I think that Carl hits it on the head. A classification is a kind of informational domain constituted by a relation of satisfaction between tokens and types. But channel theory is most concerned with a certain kind of linkage /between/ these informational domains. Information flow occurs /between/ classifications. It could be a classification of people by their sexual inclinations and a classification of politicians by their qualities as political representatives. We might have a theory that a person who cannot be faithful to his wife (or who is careless enough to get caught in so public a way) will not be faithful to his constituents (or too careless to do it right). Of course, the theory is only supposed to hold when it is the same individual in question. That identity is the posited linkage between individuals in each classification. If it were a channel, then the core of this channel might be some (native, or scientific) theory of behavior.

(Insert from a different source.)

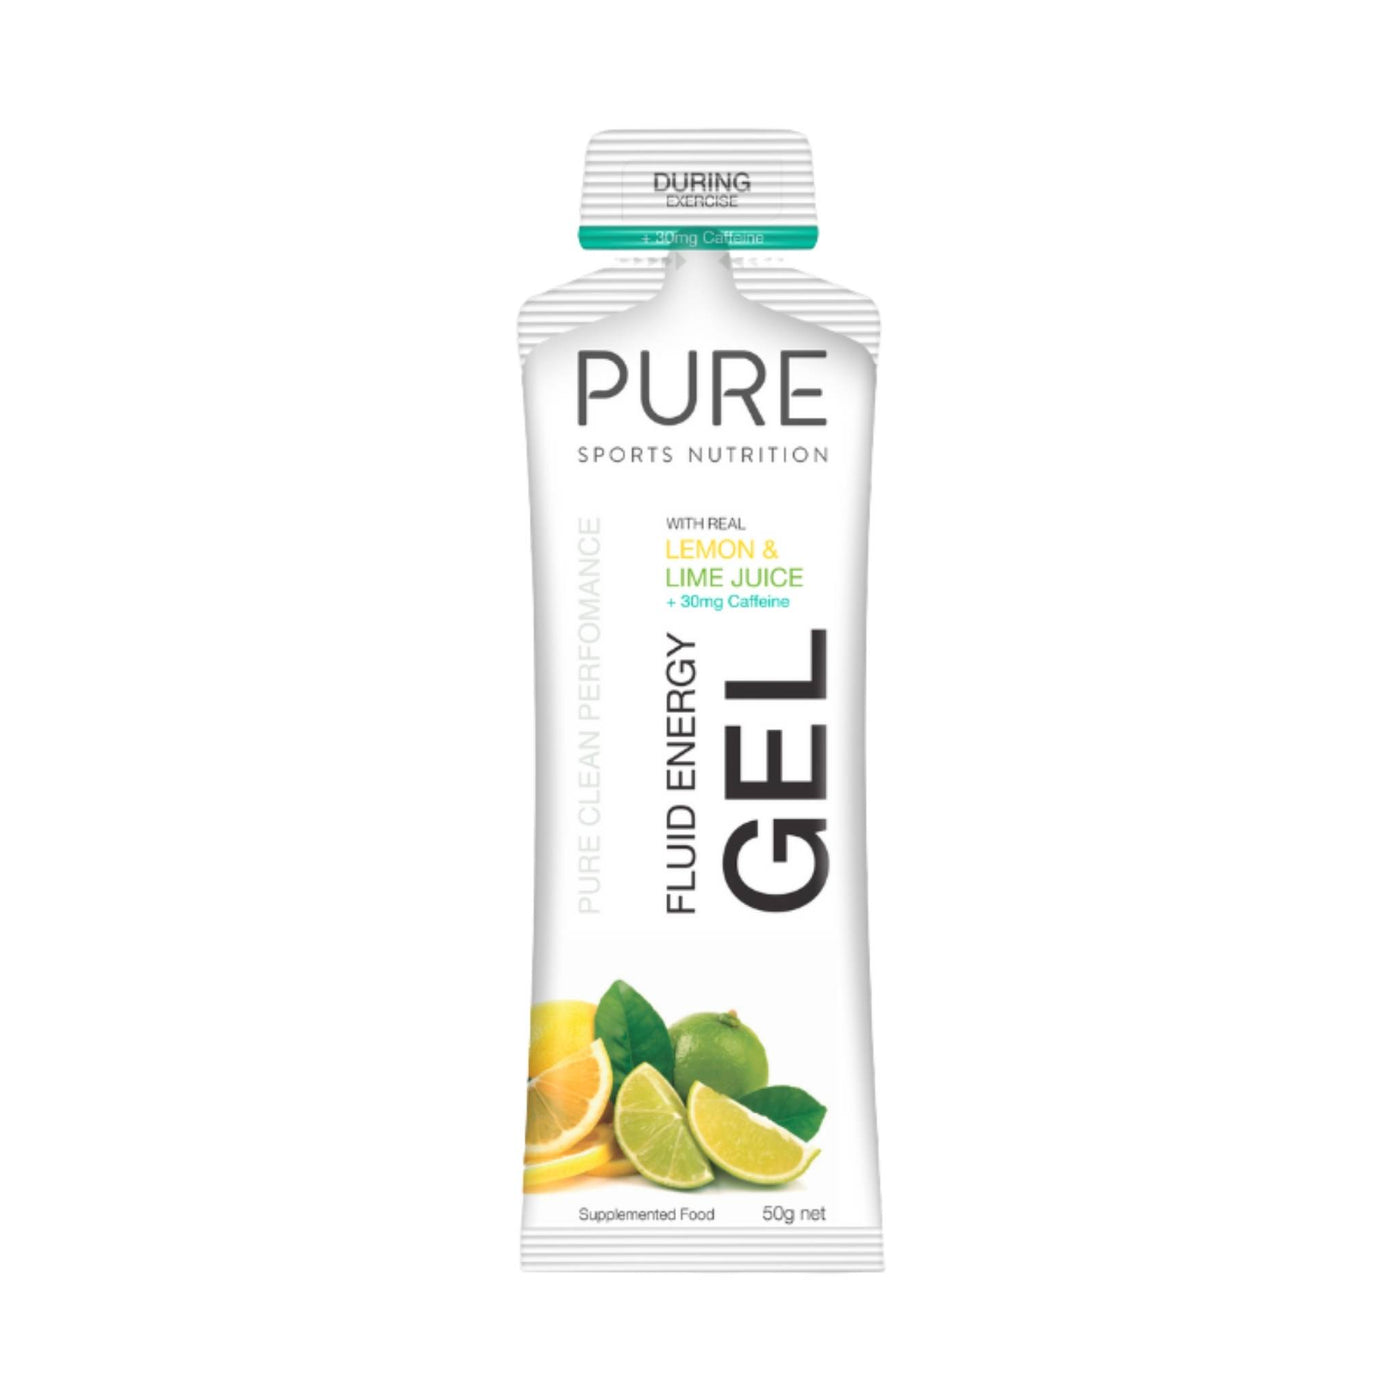 Pure Fluid Energy Gels | Sports Gels and NutritionPure Fluid Energy Gels | Sports Gels and Nutrition | Further Faster Christchurch NZ | Lemon & Lime Juice + Caffeine

What I would really like to do is present a few examples of how it is supposed to work. One common application in the literature is an application of channel theory to the ‘alignment’ of concepts or ontologies. A well-cited example in the (small-ish) literature on the theory is the construction of a theory bridging French and American ontological classifications of bodies of running water. The idea is basically that you might want to have a guide to translating between two ontologies, e.g. if x is a riviere then it is either a river or a stream. If it is a stream, it is a rivere, but if it is a river, then it is either a riviere or a fleuve. If it is a fleuve then it is a river. This in itself is not at all radical, but channel theory hopes to give a grounded information theoretical basis for exactly how one conceptual scheme can translate or carry information about the other. It is not enough that the types be linked in some way. This is more acutely seen when the issue one confronts is how to bridge two ontologies, without a sufficient basis for comparison (at the level of tokens). You might think that it can be done at the level of types via structural comparisons of some sort, but it doesn’t work out that well, at all.